MATERIAL PROVIDED: Begin

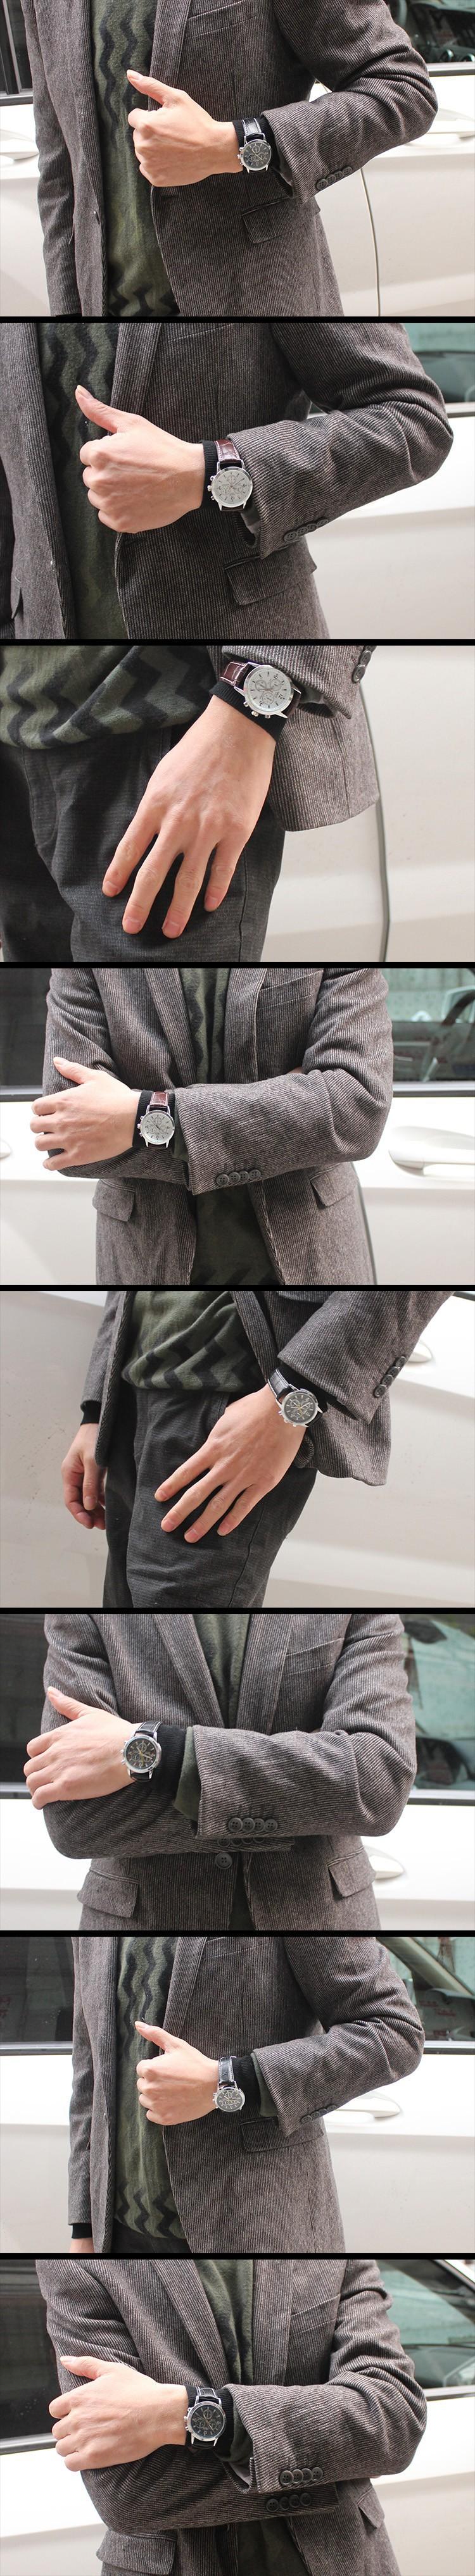 Смотреть новые пара Часы мужчина и женщина кожа группа часы лучший Цена кварцевые часы любовника 6033
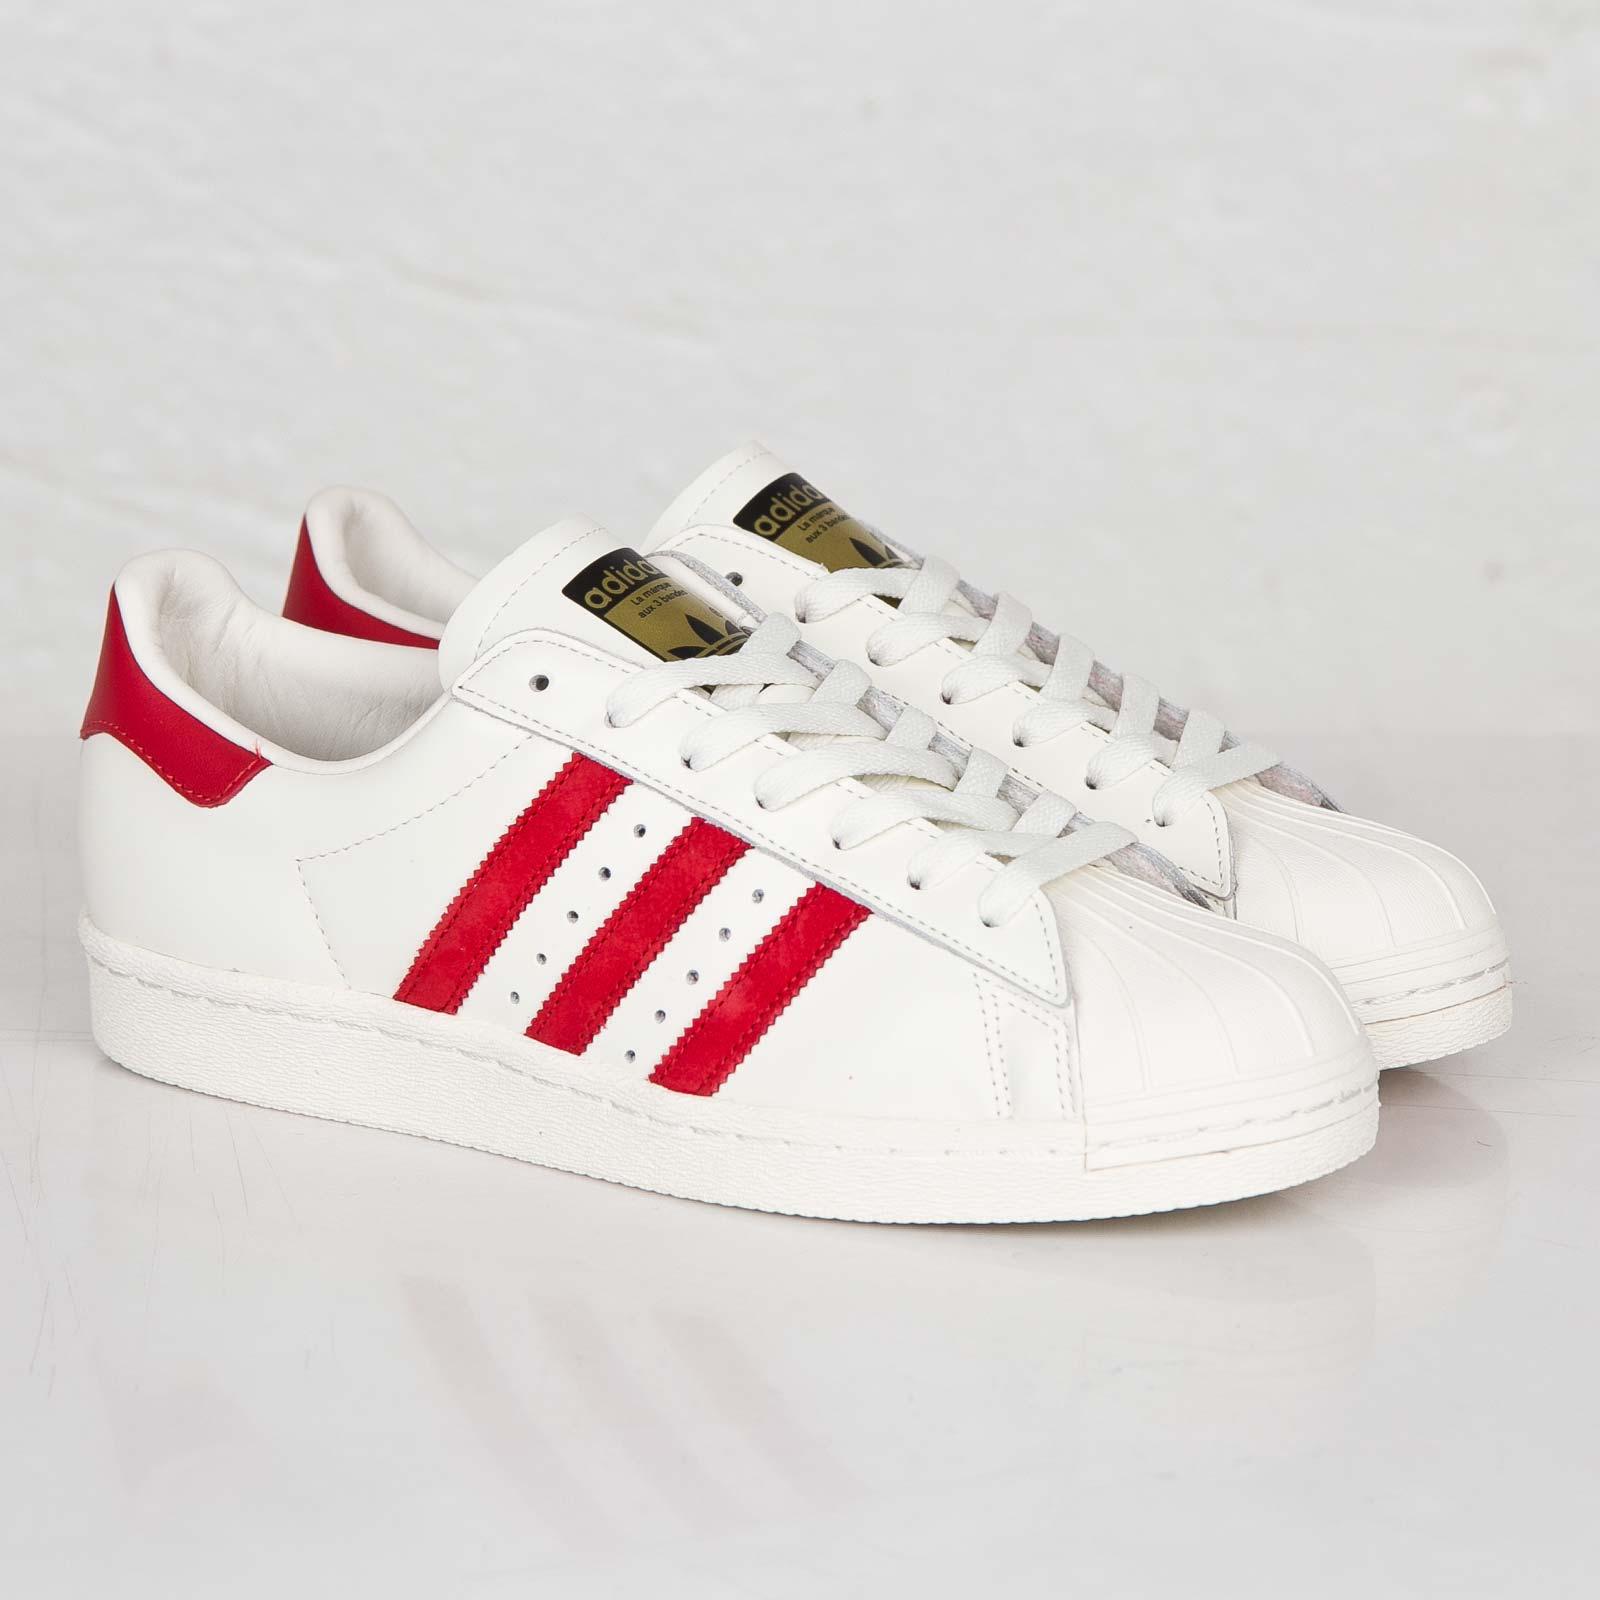 superstar 80s deluxe sneaker
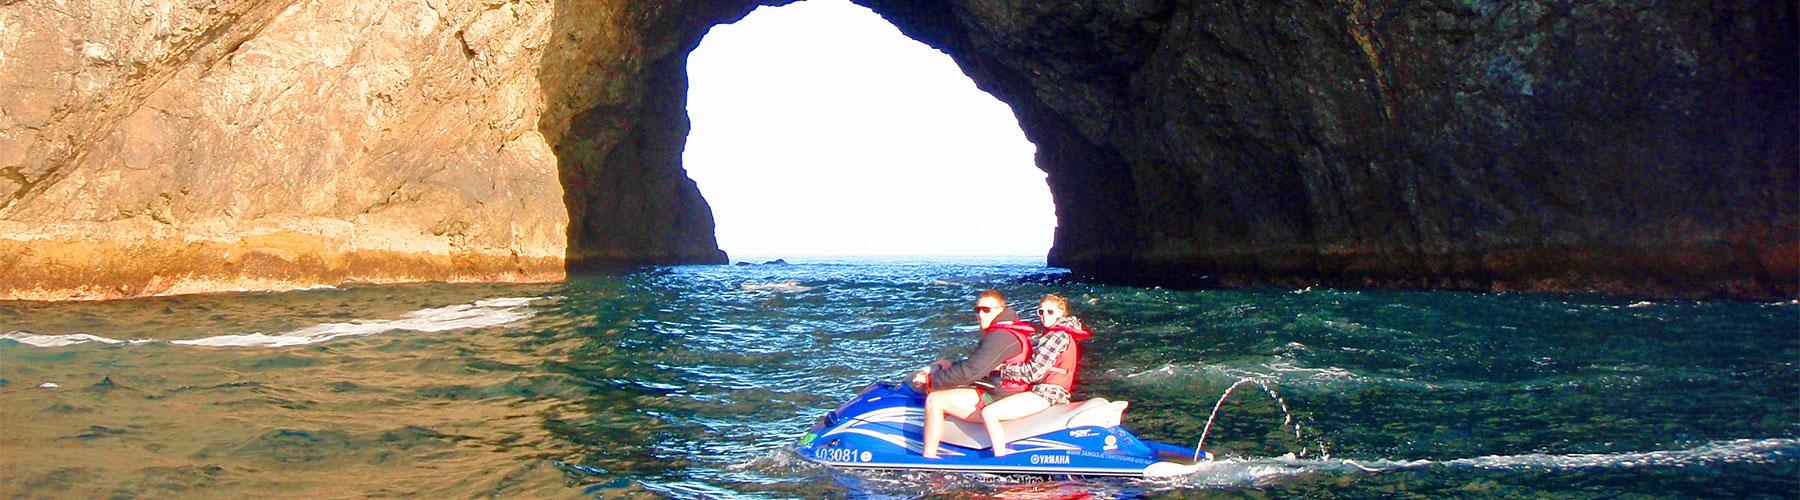 jetski Bay of Islands
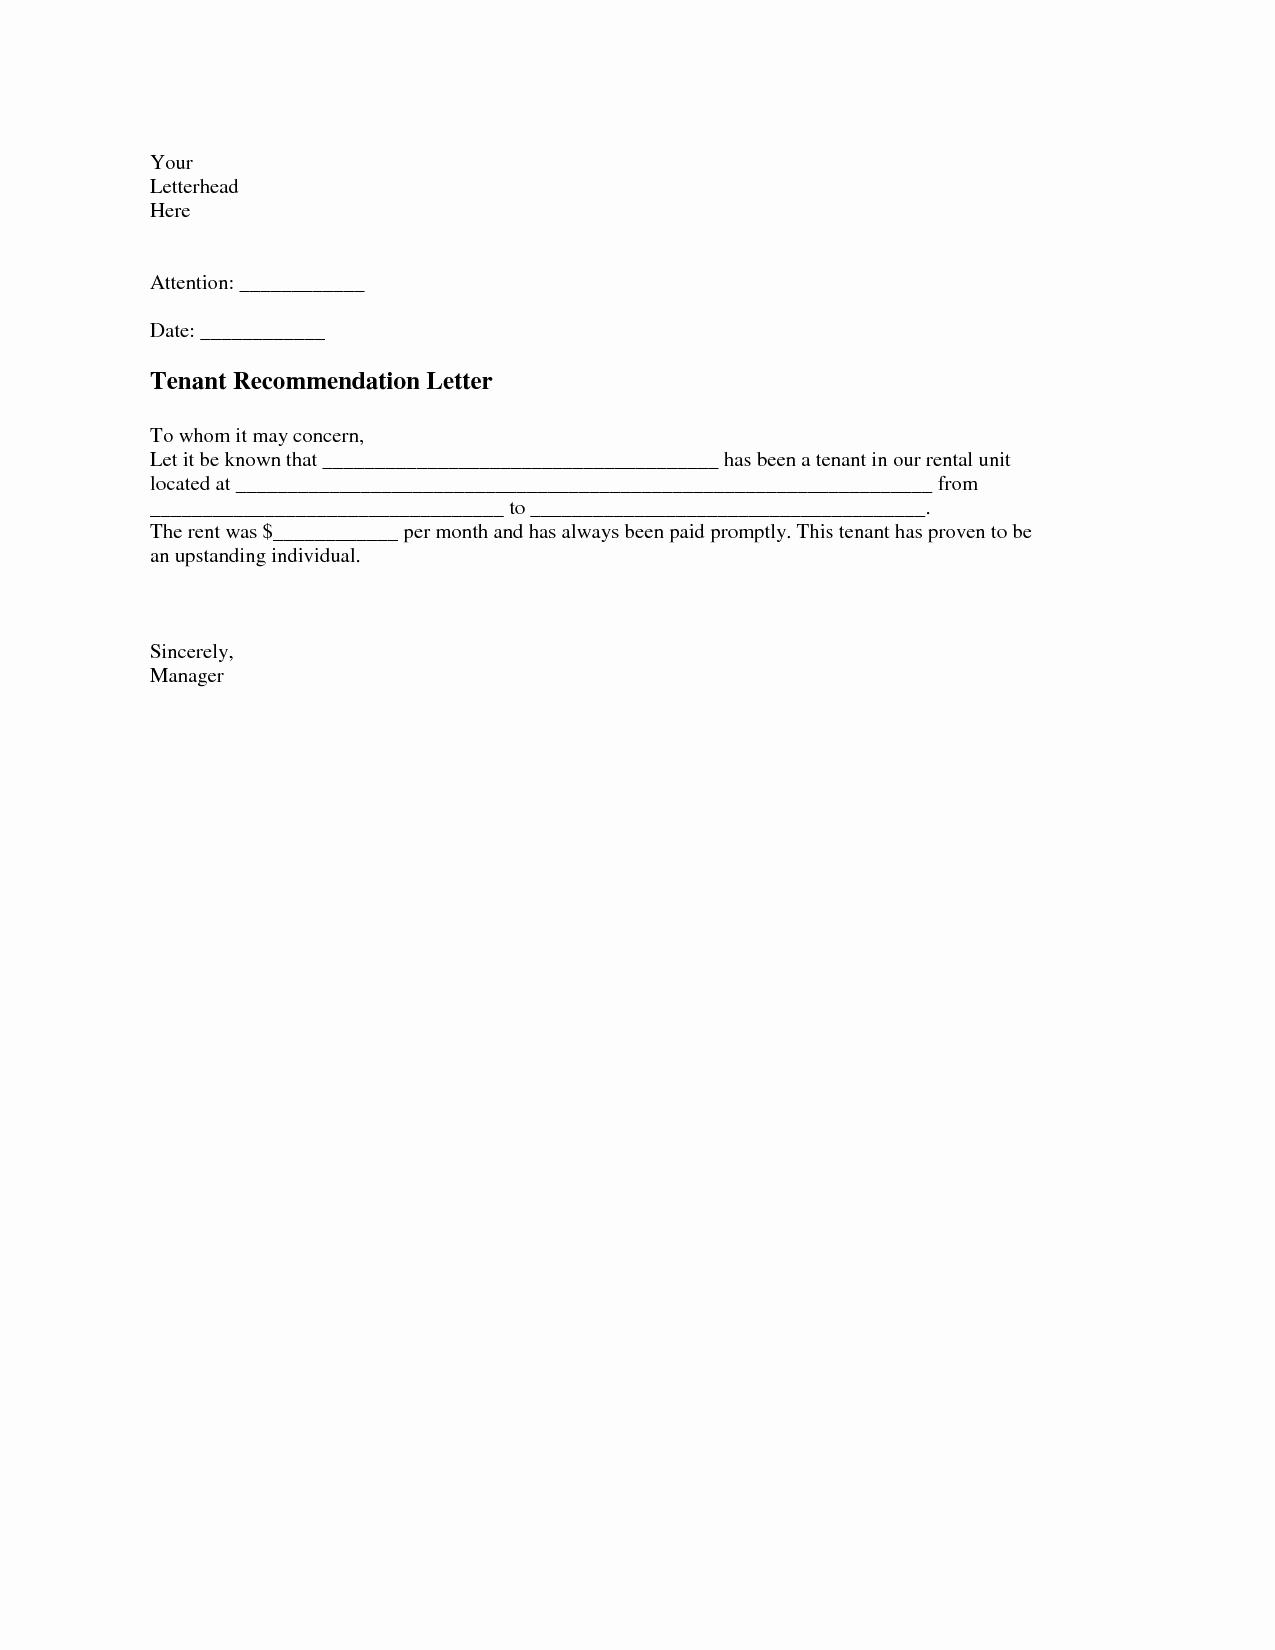 Letter Of Recommendation for Apartment Unique Tenant Re Mendation Letter A Tenant Re Mendation

MATERIAL PROVIDED: End

REQUIREMENT: Please copy the data above exactly; the pictures do not belong in the copy.

RESULT OF THE TASK:
 Смотреть новые пара Часы мужчина и женщина кожа группа часы лучший Цена кварцевые часы любовника 6033
 superstar 80s deluxe sneaker
 jetski Bay of Islands
 Letter Of Recommendation for Apartment Unique Tenant Re Mendation Letter A Tenant Re Mendation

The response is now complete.